[Recorded data]

↓

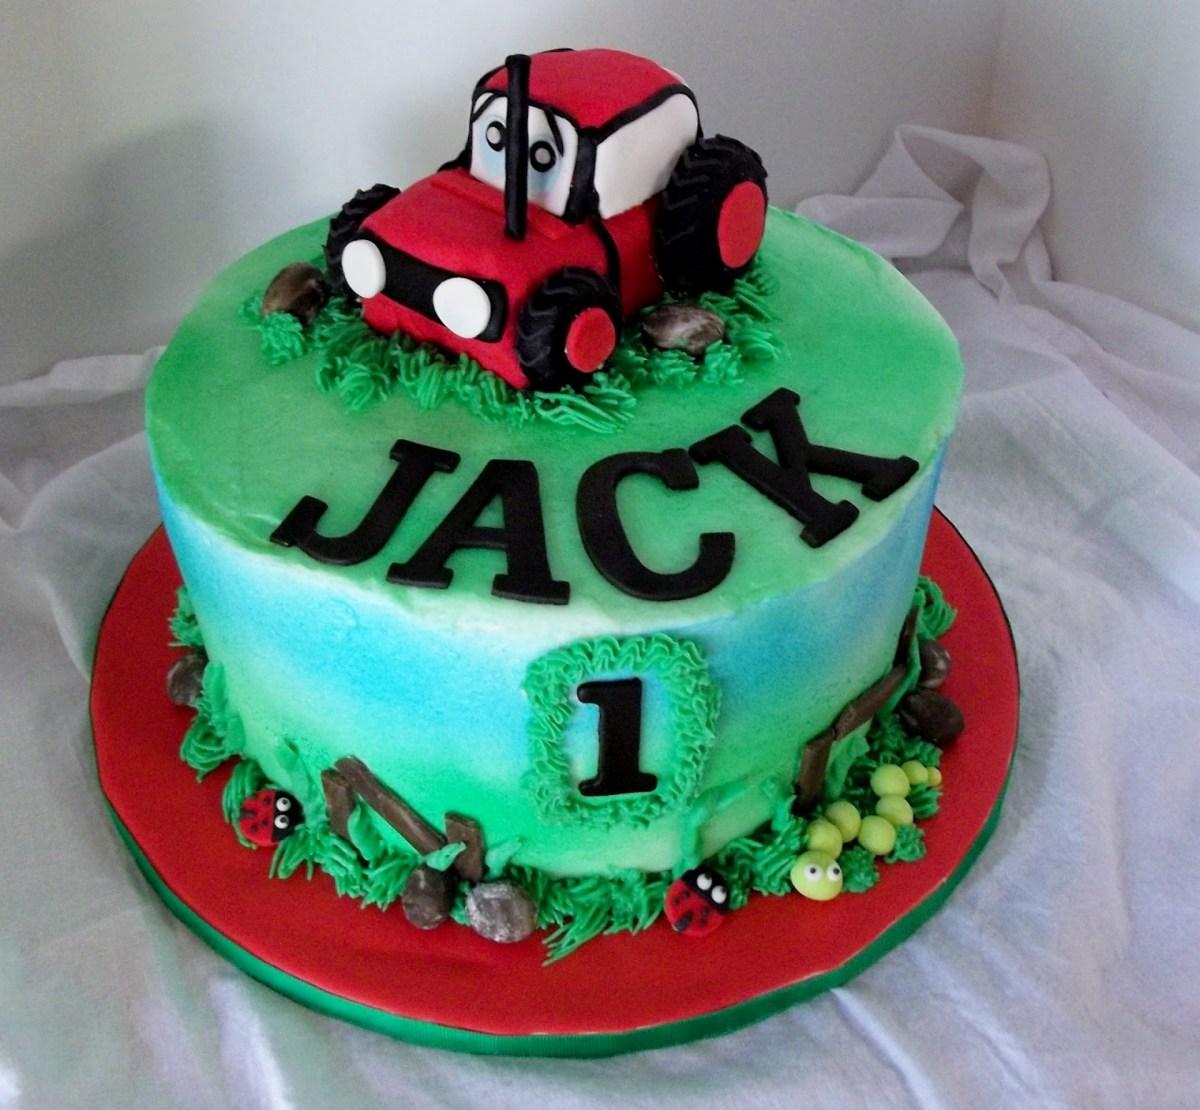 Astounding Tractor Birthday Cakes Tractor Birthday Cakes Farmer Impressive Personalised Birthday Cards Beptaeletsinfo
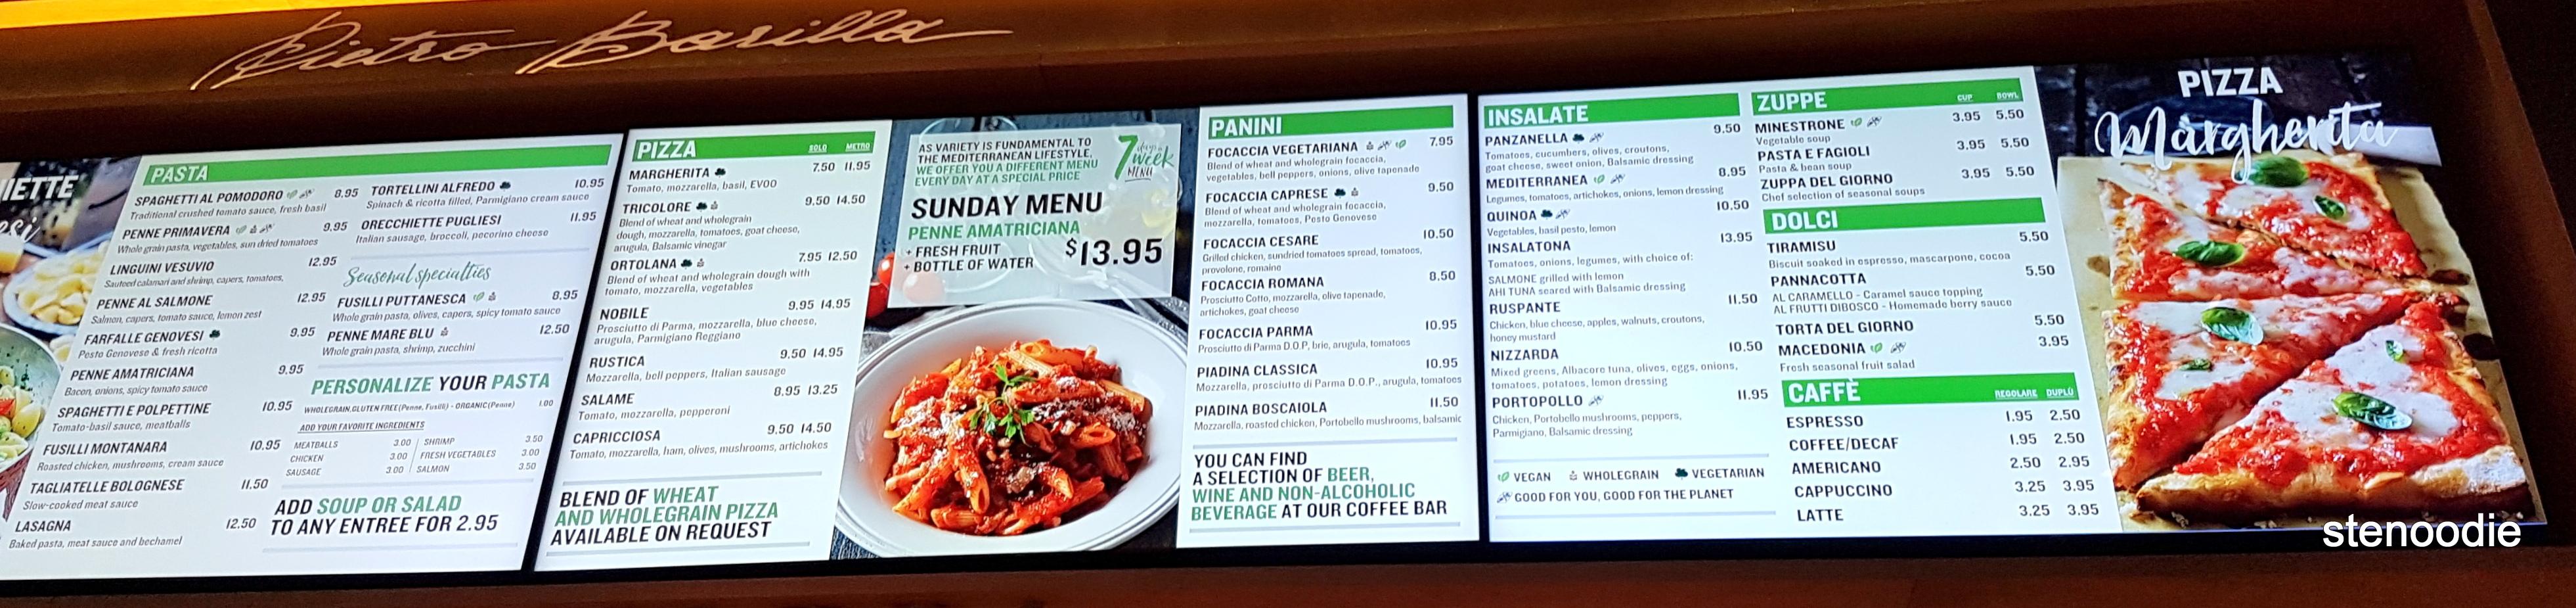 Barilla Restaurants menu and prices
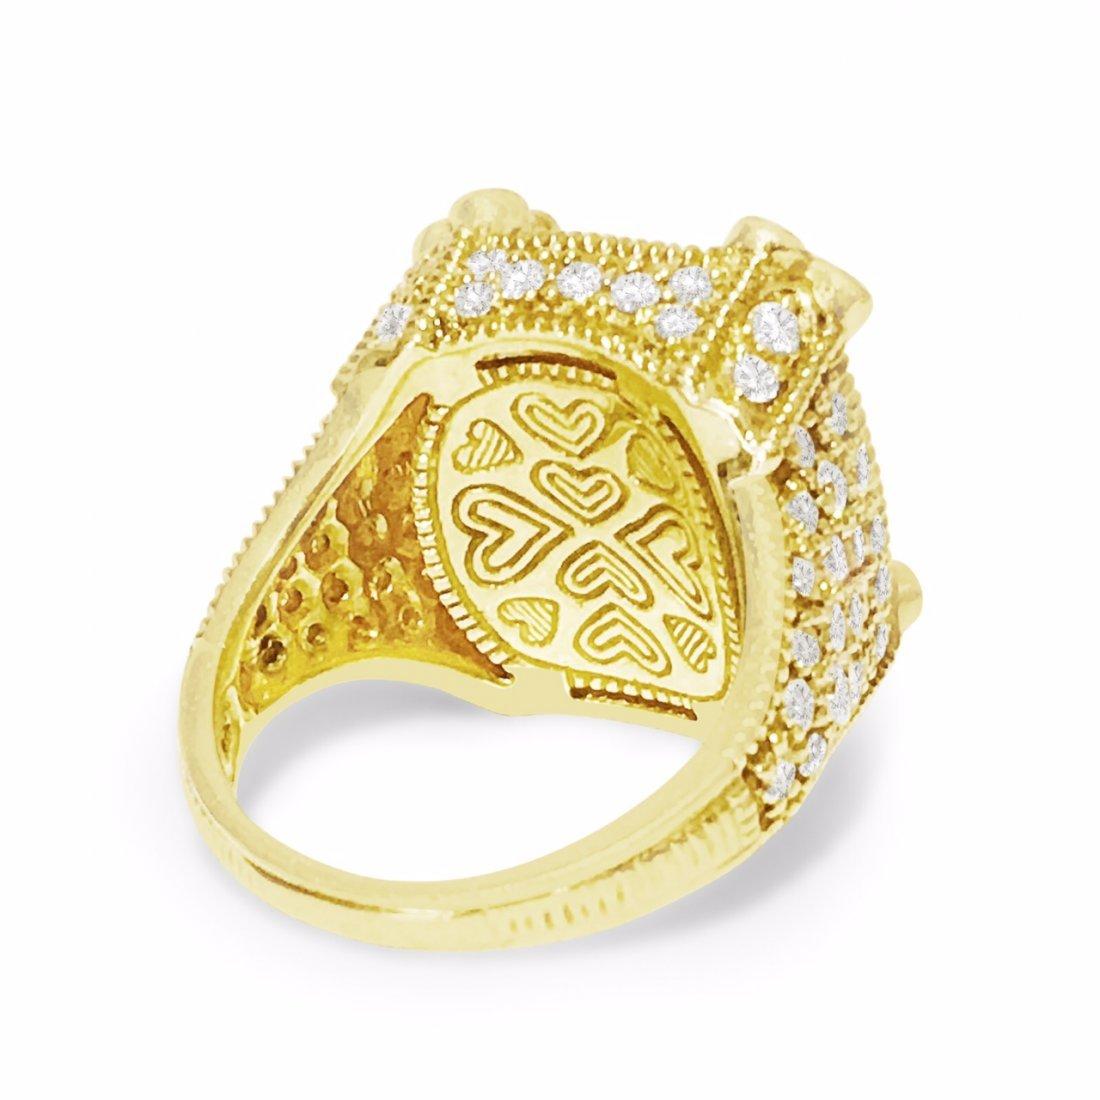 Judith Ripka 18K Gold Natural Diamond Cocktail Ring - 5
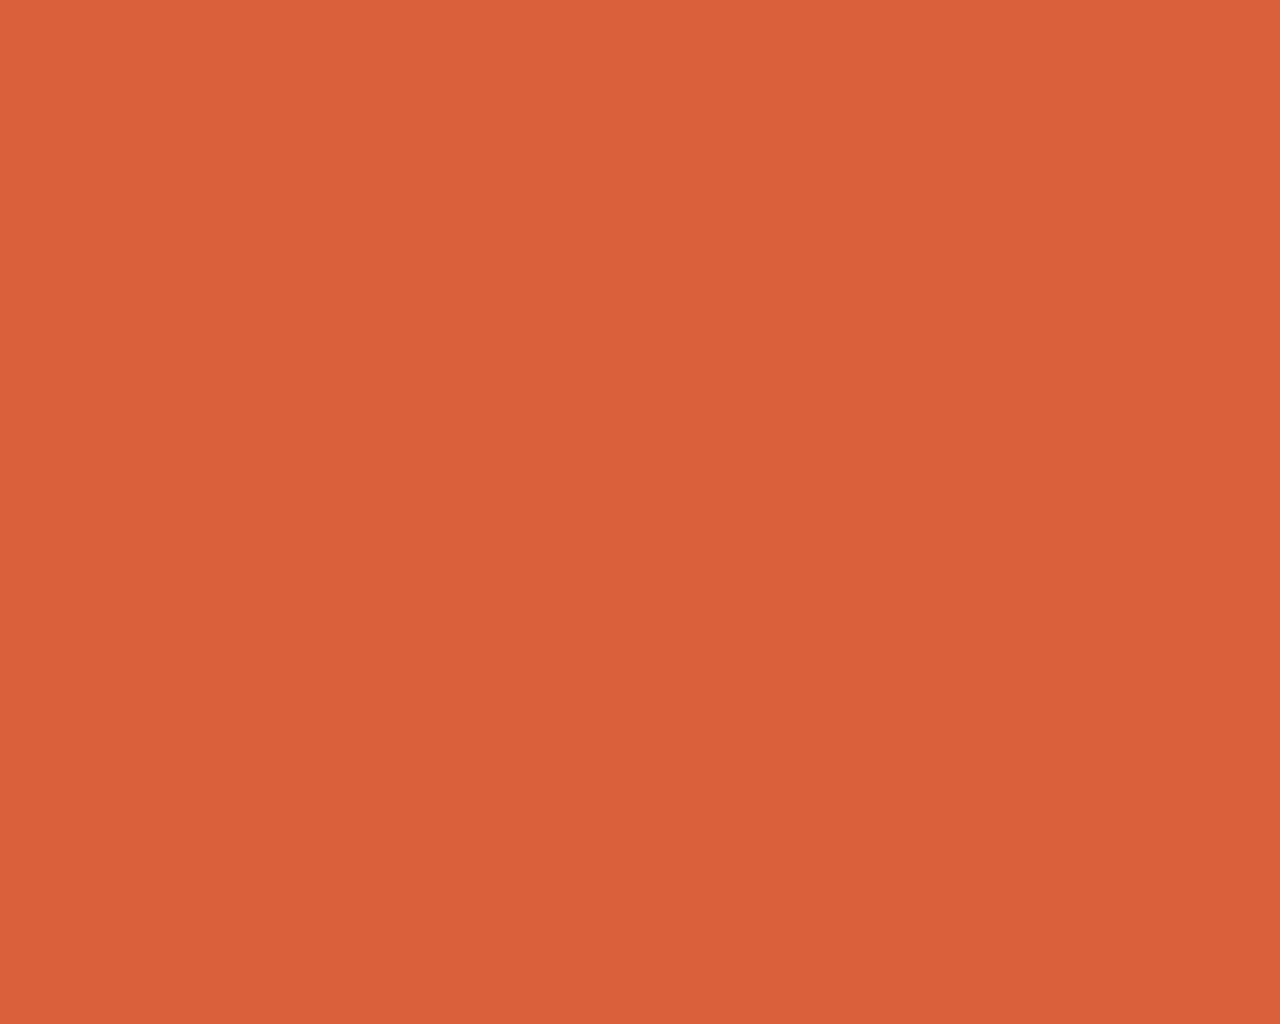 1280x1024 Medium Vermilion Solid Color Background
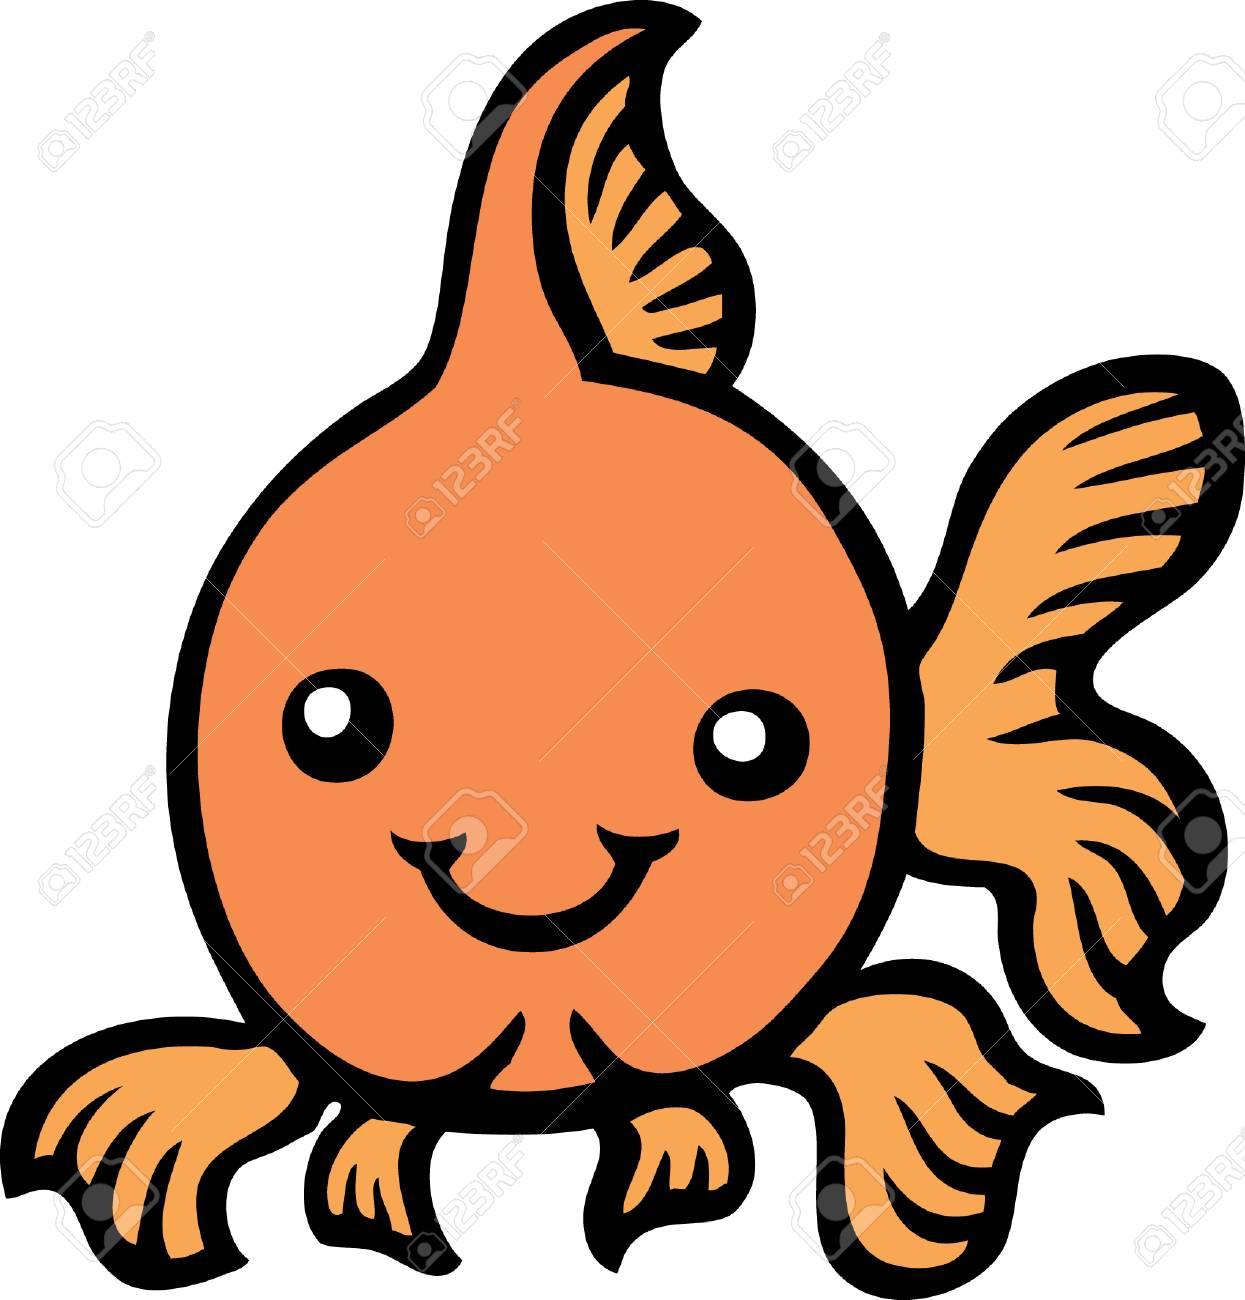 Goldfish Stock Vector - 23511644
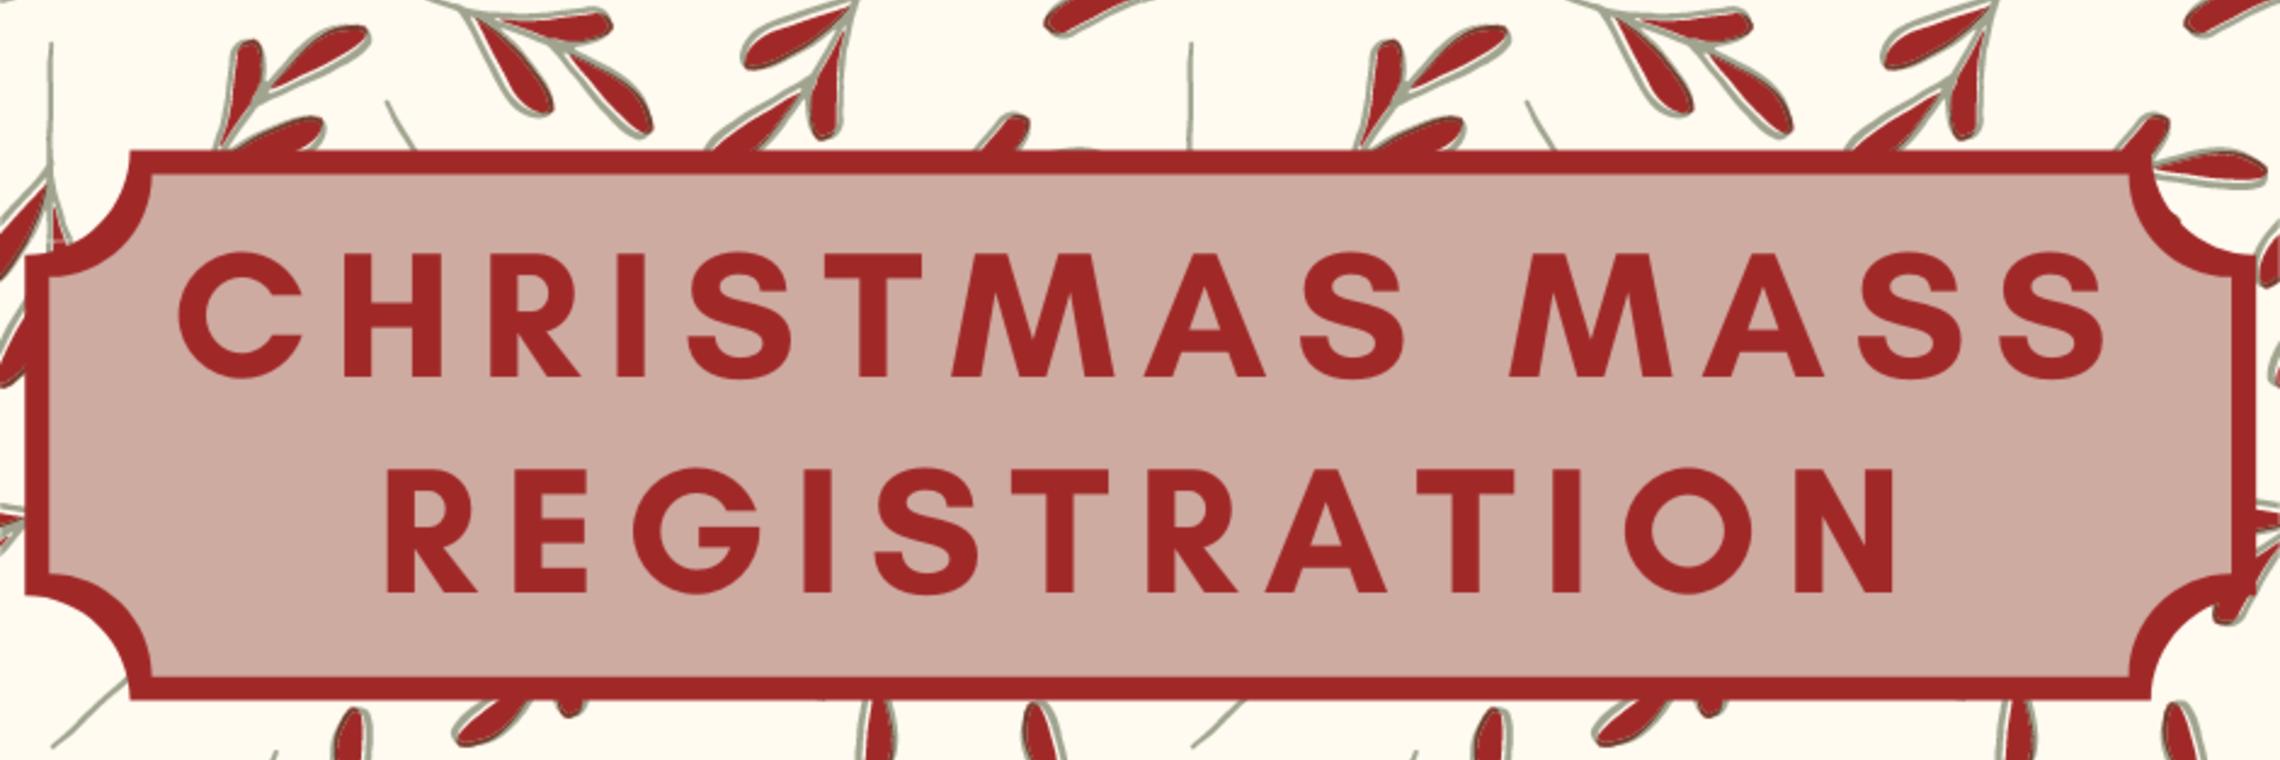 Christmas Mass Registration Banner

↑

→ **Task item**: Your copy should hold every entry exactly as written, but none of the pictures.

→ **Result of this exercise**:
 Astounding Tractor Birthday Cakes Tractor Birthday Cakes Farmer Impressive Personalised Birthday Cards Beptaeletsinfo
 Barilla Restaurants menu and prices
 Judith Ripka 18K Gold Natural Diamond Cocktail Ring - 5
 1280x1024 Medium Vermilion Solid Color Background
 Goldfish Stock Vector - 23511644
 Christmas Mass Registration Banner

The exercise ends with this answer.